• **EXERCISE PROMPT**:
Every line from the one with "Jazz Big Top" to the one with "Cruise Ship Yorktown Best", including those two, is to be copied exactly; all other lines of the entries below are left out.
*** EXERCISE DATA Section Begins ***
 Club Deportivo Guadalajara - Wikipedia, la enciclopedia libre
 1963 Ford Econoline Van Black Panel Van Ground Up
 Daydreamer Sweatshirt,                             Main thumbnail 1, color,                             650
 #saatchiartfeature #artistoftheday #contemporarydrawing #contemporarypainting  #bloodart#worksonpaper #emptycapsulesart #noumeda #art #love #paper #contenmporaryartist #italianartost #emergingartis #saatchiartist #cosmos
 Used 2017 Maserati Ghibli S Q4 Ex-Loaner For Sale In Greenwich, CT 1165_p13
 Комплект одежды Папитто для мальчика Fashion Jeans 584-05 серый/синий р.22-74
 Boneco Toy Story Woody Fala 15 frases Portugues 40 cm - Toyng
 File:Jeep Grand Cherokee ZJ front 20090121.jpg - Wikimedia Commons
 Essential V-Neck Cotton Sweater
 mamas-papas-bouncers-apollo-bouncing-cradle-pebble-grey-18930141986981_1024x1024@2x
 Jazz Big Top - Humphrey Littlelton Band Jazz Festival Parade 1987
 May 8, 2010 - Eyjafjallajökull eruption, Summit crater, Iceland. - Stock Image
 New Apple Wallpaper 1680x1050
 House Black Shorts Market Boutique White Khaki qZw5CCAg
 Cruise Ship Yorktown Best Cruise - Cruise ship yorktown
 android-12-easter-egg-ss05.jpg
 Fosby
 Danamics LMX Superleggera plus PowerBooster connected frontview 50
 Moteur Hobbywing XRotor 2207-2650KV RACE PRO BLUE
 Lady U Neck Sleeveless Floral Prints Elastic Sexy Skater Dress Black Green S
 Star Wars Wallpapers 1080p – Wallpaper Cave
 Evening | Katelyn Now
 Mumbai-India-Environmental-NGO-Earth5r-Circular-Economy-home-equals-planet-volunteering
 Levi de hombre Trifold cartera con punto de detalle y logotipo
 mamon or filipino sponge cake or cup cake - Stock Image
*** EXERCISE DATA Section Ends ***
• **EXERCISE SOLUTION**:
 Jazz Big Top - Humphrey Littlelton Band Jazz Festival Parade 1987
 May 8, 2010 - Eyjafjallajökull eruption, Summit crater, Iceland. - Stock Image
 New Apple Wallpaper 1680x1050
 House Black Shorts Market Boutique White Khaki qZw5CCAg
 Cruise Ship Yorktown Best Cruise - Cruise ship yorktown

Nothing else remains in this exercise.